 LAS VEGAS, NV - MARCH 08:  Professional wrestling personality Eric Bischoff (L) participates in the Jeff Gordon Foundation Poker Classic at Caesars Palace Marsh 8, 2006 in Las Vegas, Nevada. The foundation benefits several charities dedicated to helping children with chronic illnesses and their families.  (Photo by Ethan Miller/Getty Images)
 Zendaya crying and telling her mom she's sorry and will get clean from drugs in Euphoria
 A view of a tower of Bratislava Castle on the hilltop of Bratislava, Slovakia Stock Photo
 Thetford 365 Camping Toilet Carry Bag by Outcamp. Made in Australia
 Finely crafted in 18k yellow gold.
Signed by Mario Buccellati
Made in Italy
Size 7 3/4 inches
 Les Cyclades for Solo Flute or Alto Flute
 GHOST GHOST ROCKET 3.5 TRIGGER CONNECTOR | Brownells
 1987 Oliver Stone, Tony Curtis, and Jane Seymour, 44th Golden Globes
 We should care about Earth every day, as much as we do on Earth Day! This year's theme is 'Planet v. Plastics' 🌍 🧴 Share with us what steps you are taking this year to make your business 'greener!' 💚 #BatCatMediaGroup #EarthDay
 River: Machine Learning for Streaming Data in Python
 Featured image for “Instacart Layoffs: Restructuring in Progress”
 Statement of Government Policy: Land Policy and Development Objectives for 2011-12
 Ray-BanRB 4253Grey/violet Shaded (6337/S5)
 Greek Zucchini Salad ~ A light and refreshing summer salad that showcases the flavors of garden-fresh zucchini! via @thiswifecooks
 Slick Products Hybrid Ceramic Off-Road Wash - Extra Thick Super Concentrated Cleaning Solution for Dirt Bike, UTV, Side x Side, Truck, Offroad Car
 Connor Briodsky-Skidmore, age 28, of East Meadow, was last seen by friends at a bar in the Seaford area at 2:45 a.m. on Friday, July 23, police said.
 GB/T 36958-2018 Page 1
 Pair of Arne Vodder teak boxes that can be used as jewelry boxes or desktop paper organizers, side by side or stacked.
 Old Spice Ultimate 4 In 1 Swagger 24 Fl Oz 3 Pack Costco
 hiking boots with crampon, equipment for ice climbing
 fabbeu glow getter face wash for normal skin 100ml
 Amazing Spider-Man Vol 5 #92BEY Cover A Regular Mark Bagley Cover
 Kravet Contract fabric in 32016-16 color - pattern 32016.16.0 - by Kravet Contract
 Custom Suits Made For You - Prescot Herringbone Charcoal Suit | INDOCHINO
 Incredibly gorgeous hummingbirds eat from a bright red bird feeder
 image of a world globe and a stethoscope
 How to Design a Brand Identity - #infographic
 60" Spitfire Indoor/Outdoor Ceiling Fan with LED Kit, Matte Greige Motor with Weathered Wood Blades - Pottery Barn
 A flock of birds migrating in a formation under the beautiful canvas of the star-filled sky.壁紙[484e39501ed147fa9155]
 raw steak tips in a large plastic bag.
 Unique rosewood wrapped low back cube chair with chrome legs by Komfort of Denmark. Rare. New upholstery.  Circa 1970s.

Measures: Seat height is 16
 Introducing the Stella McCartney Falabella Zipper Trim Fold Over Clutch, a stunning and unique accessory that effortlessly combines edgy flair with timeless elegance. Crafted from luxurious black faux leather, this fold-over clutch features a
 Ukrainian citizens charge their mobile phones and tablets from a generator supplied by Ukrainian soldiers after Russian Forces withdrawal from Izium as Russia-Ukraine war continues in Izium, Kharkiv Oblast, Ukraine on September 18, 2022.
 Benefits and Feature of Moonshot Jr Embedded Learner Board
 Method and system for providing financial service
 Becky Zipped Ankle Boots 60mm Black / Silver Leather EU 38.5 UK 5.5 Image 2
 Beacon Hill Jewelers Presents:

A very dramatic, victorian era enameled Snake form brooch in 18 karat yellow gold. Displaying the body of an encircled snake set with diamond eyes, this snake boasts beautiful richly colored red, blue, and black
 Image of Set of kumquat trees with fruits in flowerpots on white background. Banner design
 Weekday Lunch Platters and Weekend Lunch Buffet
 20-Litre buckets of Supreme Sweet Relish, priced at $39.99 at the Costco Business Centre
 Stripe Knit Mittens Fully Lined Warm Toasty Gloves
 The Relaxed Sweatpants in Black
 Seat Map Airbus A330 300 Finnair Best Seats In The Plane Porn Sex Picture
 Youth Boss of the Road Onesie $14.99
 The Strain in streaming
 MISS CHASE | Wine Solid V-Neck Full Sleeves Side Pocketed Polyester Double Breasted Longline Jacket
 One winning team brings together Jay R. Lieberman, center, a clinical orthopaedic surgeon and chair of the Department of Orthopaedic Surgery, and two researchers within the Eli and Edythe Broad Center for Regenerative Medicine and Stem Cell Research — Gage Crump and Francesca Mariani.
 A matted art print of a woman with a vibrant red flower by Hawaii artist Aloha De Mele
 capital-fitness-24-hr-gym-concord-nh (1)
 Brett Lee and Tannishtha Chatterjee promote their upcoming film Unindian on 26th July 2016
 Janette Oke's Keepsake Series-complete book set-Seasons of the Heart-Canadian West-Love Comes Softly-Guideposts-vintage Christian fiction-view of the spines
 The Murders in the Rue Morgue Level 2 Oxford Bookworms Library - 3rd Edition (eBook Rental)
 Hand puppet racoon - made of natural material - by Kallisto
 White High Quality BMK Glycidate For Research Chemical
* * *
None of the records may be omitted or altered when they are given again.

 LAS VEGAS, NV - MARCH 08:  Professional wrestling personality Eric Bischoff (L) participates in the Jeff Gordon Foundation Poker Classic at Caesars Palace Marsh 8, 2006 in Las Vegas, Nevada. The foundation benefits several charities dedicated to helping children with chronic illnesses and their families.  (Photo by Ethan Miller/Getty Images)
 Zendaya crying and telling her mom she's sorry and will get clean from drugs in Euphoria
 A view of a tower of Bratislava Castle on the hilltop of Bratislava, Slovakia Stock Photo
 Thetford 365 Camping Toilet Carry Bag by Outcamp. Made in Australia
 Finely crafted in 18k yellow gold.
Signed by Mario Buccellati
Made in Italy
Size 7 3/4 inches
 Les Cyclades for Solo Flute or Alto Flute
 GHOST GHOST ROCKET 3.5 TRIGGER CONNECTOR | Brownells
 1987 Oliver Stone, Tony Curtis, and Jane Seymour, 44th Golden Globes
 We should care about Earth every day, as much as we do on Earth Day! This year's theme is 'Planet v. Plastics' 🌍 🧴 Share with us what steps you are taking this year to make your business 'greener!' 💚 #BatCatMediaGroup #EarthDay
 River: Machine Learning for Streaming Data in Python
 Featured image for “Instacart Layoffs: Restructuring in Progress”
 Statement of Government Policy: Land Policy and Development Objectives for 2011-12
 Ray-BanRB 4253Grey/violet Shaded (6337/S5)
 Greek Zucchini Salad ~ A light and refreshing summer salad that showcases the flavors of garden-fresh zucchini! via @thiswifecooks
 Slick Products Hybrid Ceramic Off-Road Wash - Extra Thick Super Concentrated Cleaning Solution for Dirt Bike, UTV, Side x Side, Truck, Offroad Car
 Connor Briodsky-Skidmore, age 28, of East Meadow, was last seen by friends at a bar in the Seaford area at 2:45 a.m. on Friday, July 23, police said.
 GB/T 36958-2018 Page 1
 Pair of Arne Vodder teak boxes that can be used as jewelry boxes or desktop paper organizers, side by side or stacked.
 Old Spice Ultimate 4 In 1 Swagger 24 Fl Oz 3 Pack Costco
 hiking boots with crampon, equipment for ice climbing
 fabbeu glow getter face wash for normal skin 100ml
 Amazing Spider-Man Vol 5 #92BEY Cover A Regular Mark Bagley Cover
 Kravet Contract fabric in 32016-16 color - pattern 32016.16.0 - by Kravet Contract
 Custom Suits Made For You - Prescot Herringbone Charcoal Suit | INDOCHINO
 Incredibly gorgeous hummingbirds eat from a bright red bird feeder
 image of a world globe and a stethoscope
 How to Design a Brand Identity - #infographic
 60" Spitfire Indoor/Outdoor Ceiling Fan with LED Kit, Matte Greige Motor with Weathered Wood Blades - Pottery Barn
 A flock of birds migrating in a formation under the beautiful canvas of the star-filled sky.壁紙[484e39501ed147fa9155]
 raw steak tips in a large plastic bag.
 Unique rosewood wrapped low back cube chair with chrome legs by Komfort of Denmark. Rare. New upholstery.  Circa 1970s.

Measures: Seat height is 16
 Introducing the Stella McCartney Falabella Zipper Trim Fold Over Clutch, a stunning and unique accessory that effortlessly combines edgy flair with timeless elegance. Crafted from luxurious black faux leather, this fold-over clutch features a
 Ukrainian citizens charge their mobile phones and tablets from a generator supplied by Ukrainian soldiers after Russian Forces withdrawal from Izium as Russia-Ukraine war continues in Izium, Kharkiv Oblast, Ukraine on September 18, 2022.
 Benefits and Feature of Moonshot Jr Embedded Learner Board
 Method and system for providing financial service
 Becky Zipped Ankle Boots 60mm Black / Silver Leather EU 38.5 UK 5.5 Image 2
 Beacon Hill Jewelers Presents:

A very dramatic, victorian era enameled Snake form brooch in 18 karat yellow gold. Displaying the body of an encircled snake set with diamond eyes, this snake boasts beautiful richly colored red, blue, and black
 Image of Set of kumquat trees with fruits in flowerpots on white background. Banner design
 Weekday Lunch Platters and Weekend Lunch Buffet
 20-Litre buckets of Supreme Sweet Relish, priced at $39.99 at the Costco Business Centre
 Stripe Knit Mittens Fully Lined Warm Toasty Gloves
 The Relaxed Sweatpants in Black
 Seat Map Airbus A330 300 Finnair Best Seats In The Plane Porn Sex Picture
 Youth Boss of the Road Onesie $14.99
 The Strain in streaming
 MISS CHASE | Wine Solid V-Neck Full Sleeves Side Pocketed Polyester Double Breasted Longline Jacket
 One winning team brings together Jay R. Lieberman, center, a clinical orthopaedic surgeon and chair of the Department of Orthopaedic Surgery, and two researchers within the Eli and Edythe Broad Center for Regenerative Medicine and Stem Cell Research — Gage Crump and Francesca Mariani.
 A matted art print of a woman with a vibrant red flower by Hawaii artist Aloha De Mele
 capital-fitness-24-hr-gym-concord-nh (1)
 Brett Lee and Tannishtha Chatterjee promote their upcoming film Unindian on 26th July 2016
 Janette Oke's Keepsake Series-complete book set-Seasons of the Heart-Canadian West-Love Comes Softly-Guideposts-vintage Christian fiction-view of the spines
 The Murders in the Rue Morgue Level 2 Oxford Bookworms Library - 3rd Edition (eBook Rental)
 Hand puppet racoon - made of natural material - by Kallisto
 White High Quality BMK Glycidate For Research Chemical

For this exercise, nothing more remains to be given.